The required output is the exact run of lines from the one that contains "נעליים שטוחות עם רצועת אלכסון – דגם דבש" to the end of the data, with every picture left out.
[Exercise data]
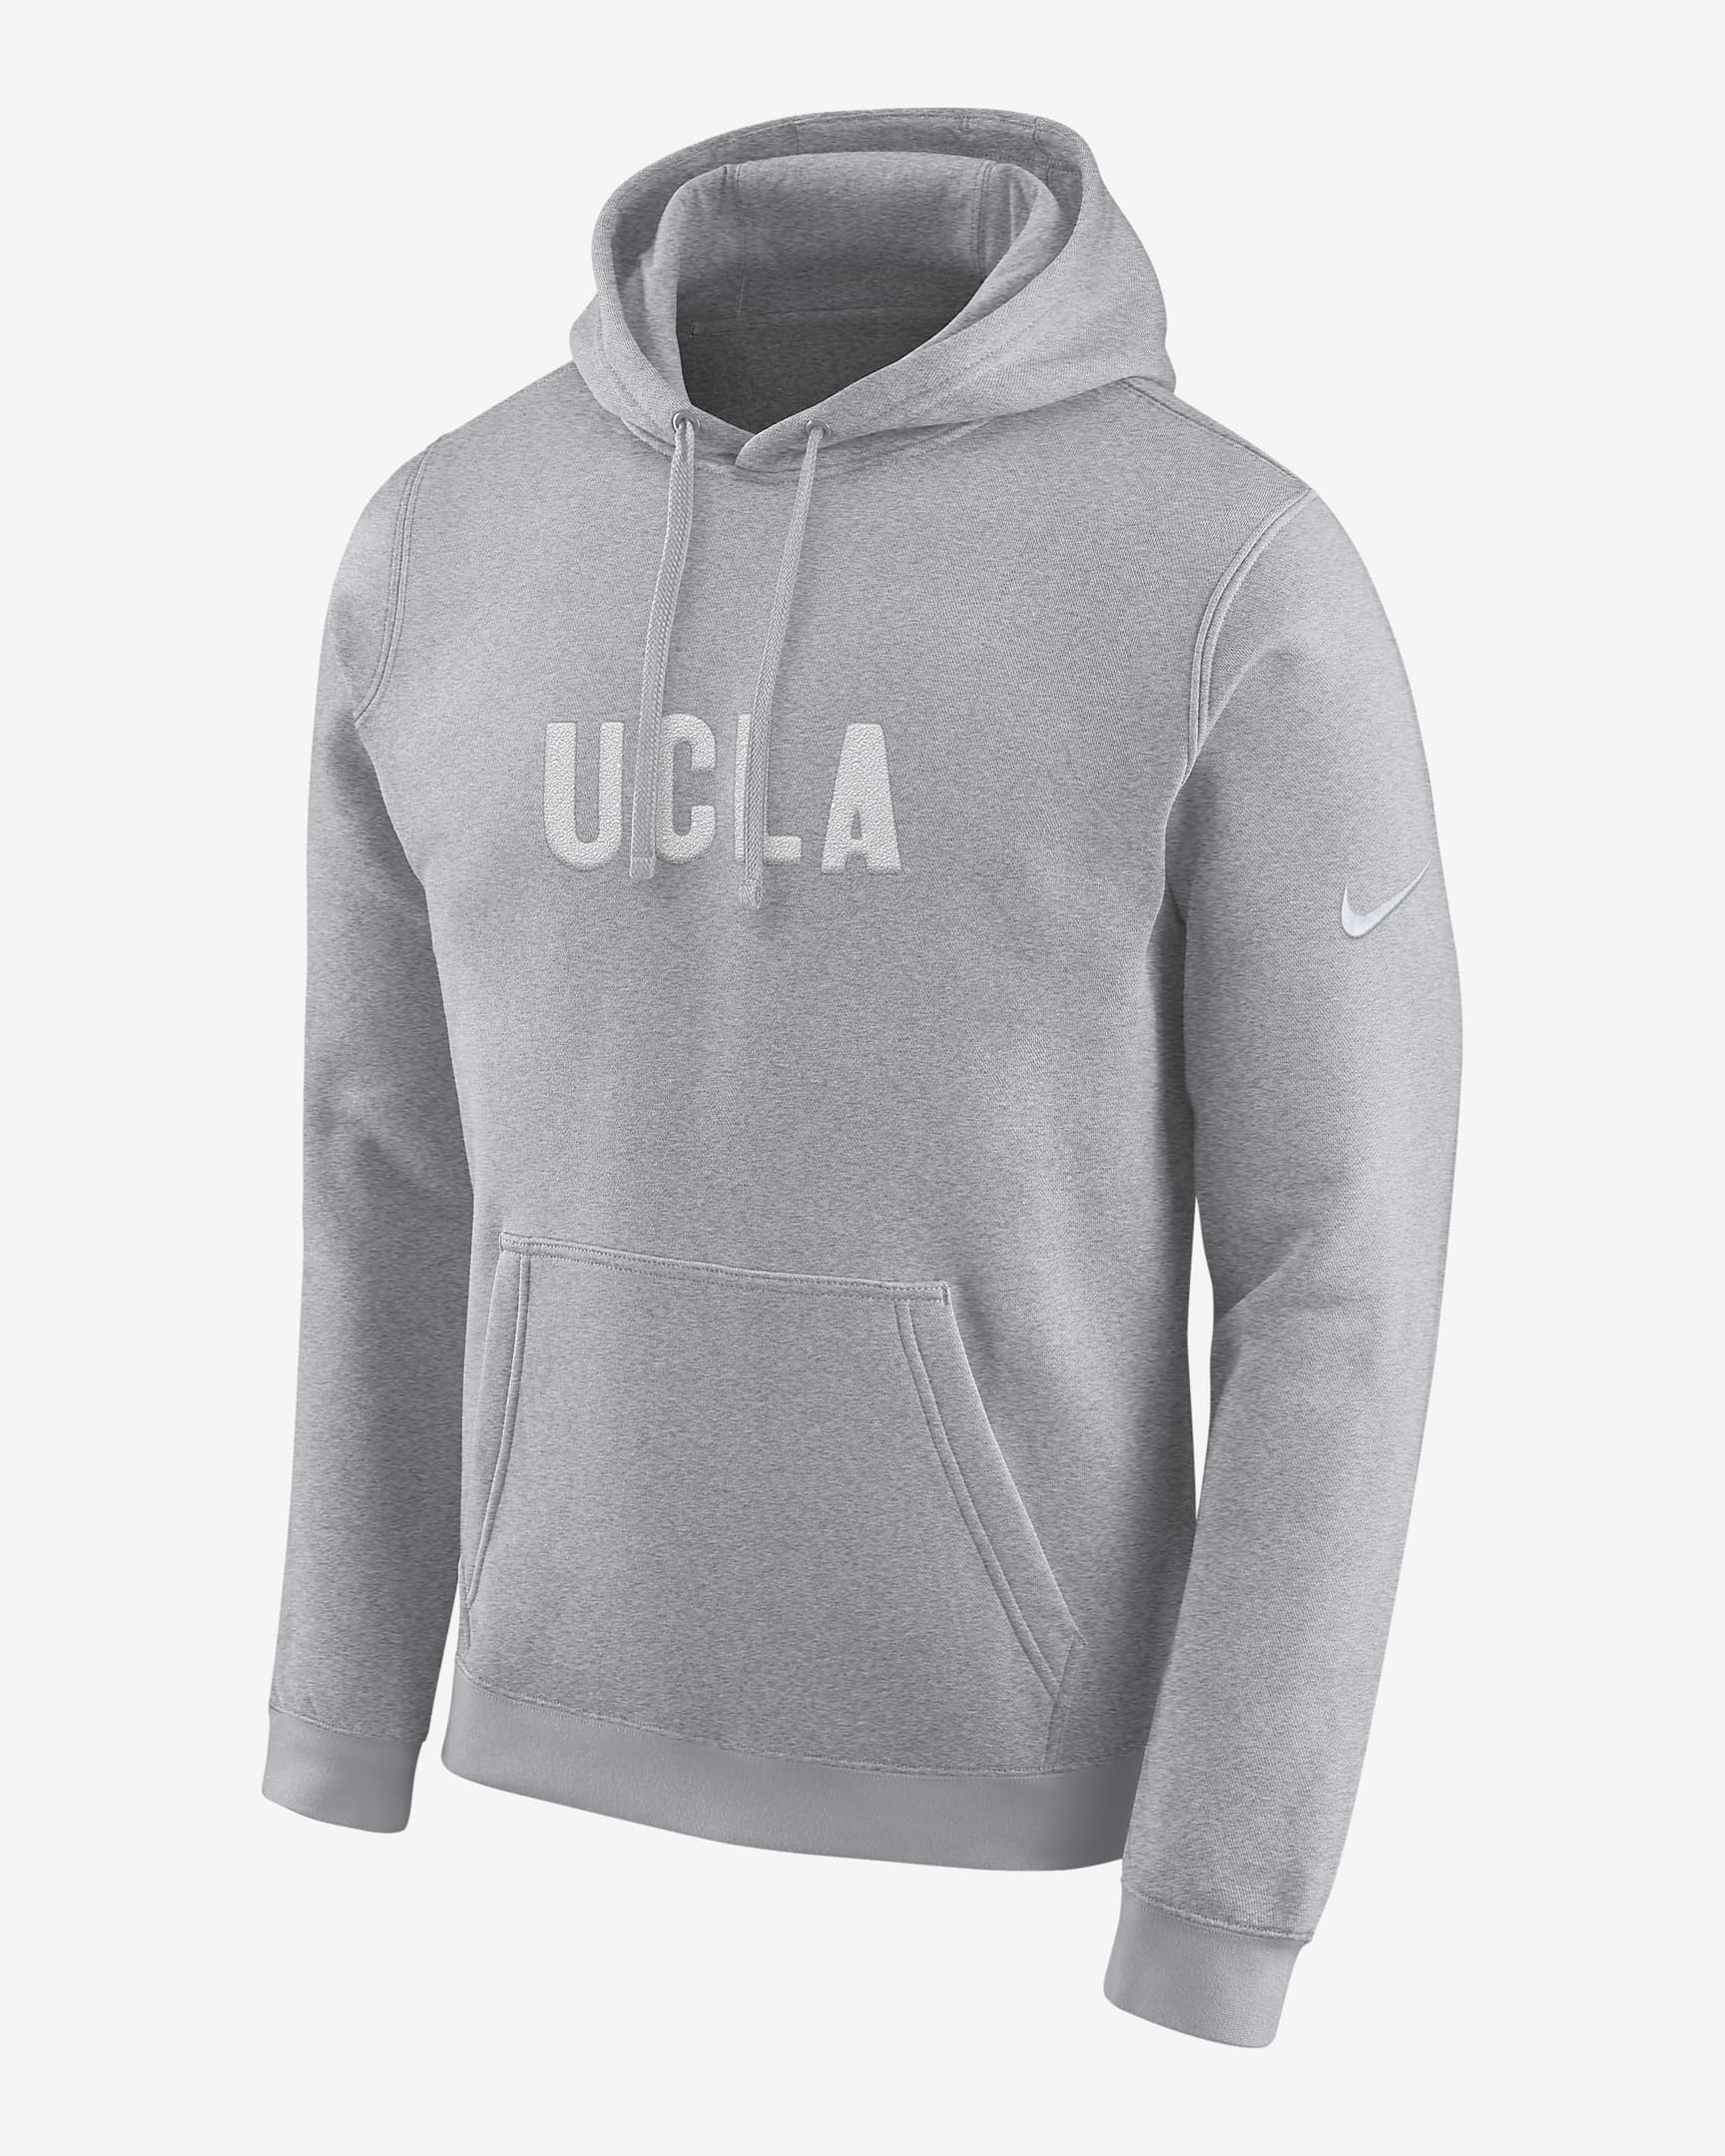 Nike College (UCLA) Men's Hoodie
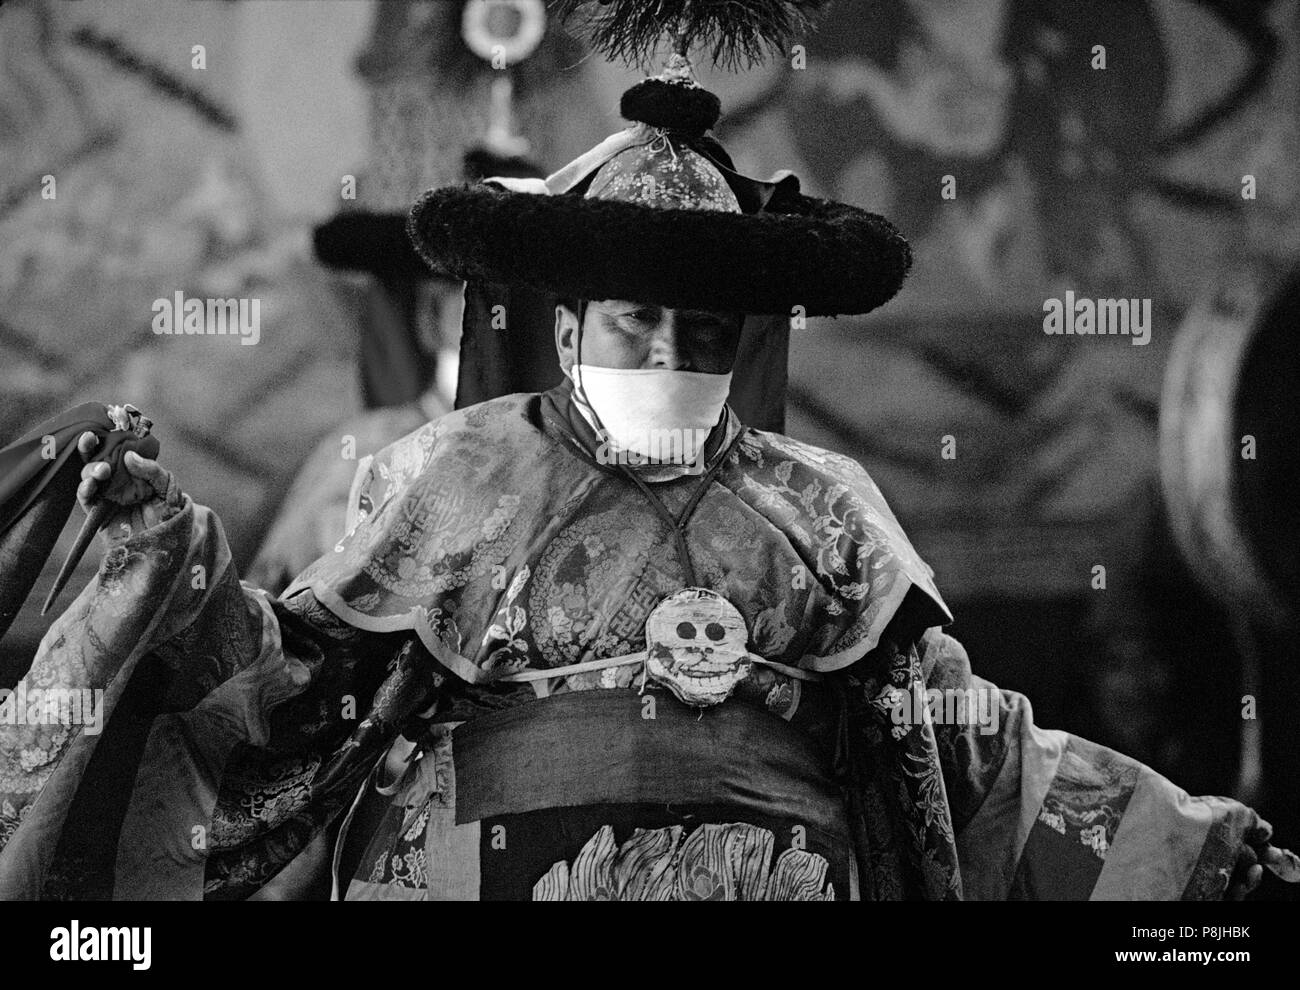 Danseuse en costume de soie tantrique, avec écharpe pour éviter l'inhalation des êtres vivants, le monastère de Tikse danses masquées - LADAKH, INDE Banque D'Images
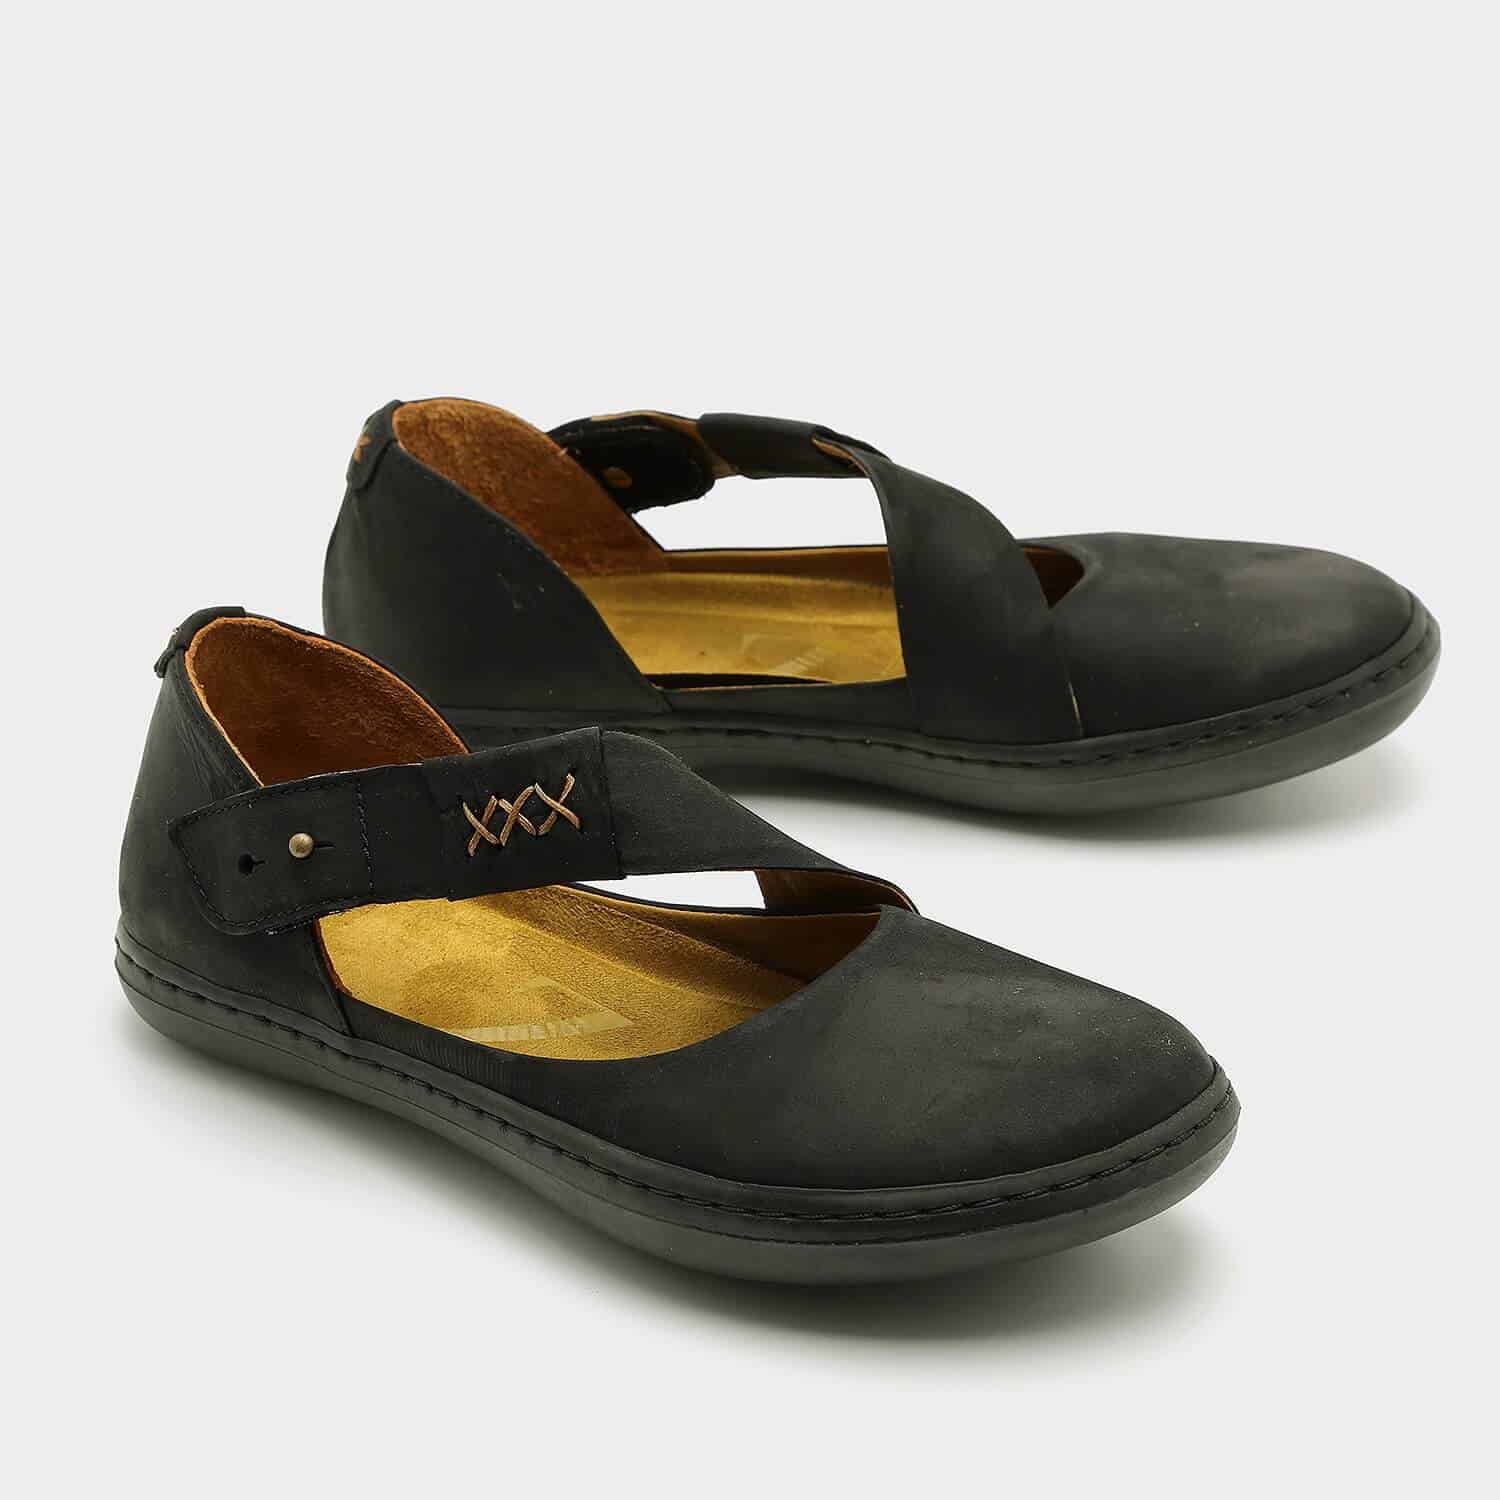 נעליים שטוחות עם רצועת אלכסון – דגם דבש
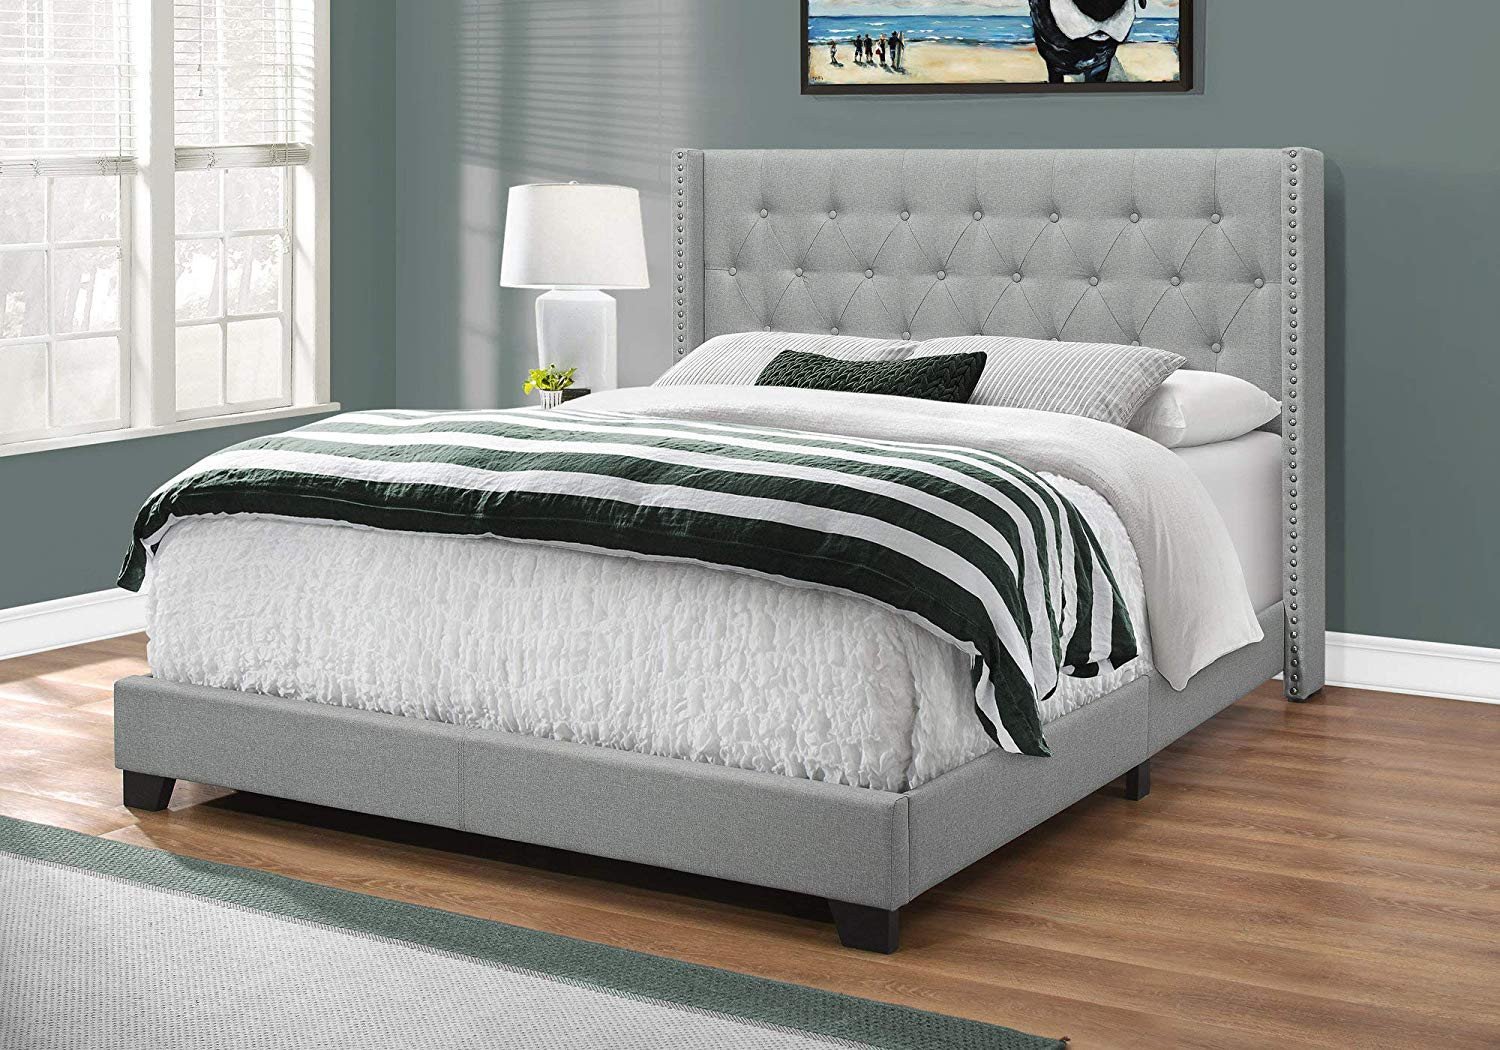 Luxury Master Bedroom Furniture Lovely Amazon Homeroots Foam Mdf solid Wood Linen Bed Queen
[/Exercise data]
Answer area:
 נעליים שטוחות עם רצועת אלכסון – דגם דבש
 Luxury Master Bedroom Furniture Lovely Amazon Homeroots Foam Mdf solid Wood Linen Bed Queen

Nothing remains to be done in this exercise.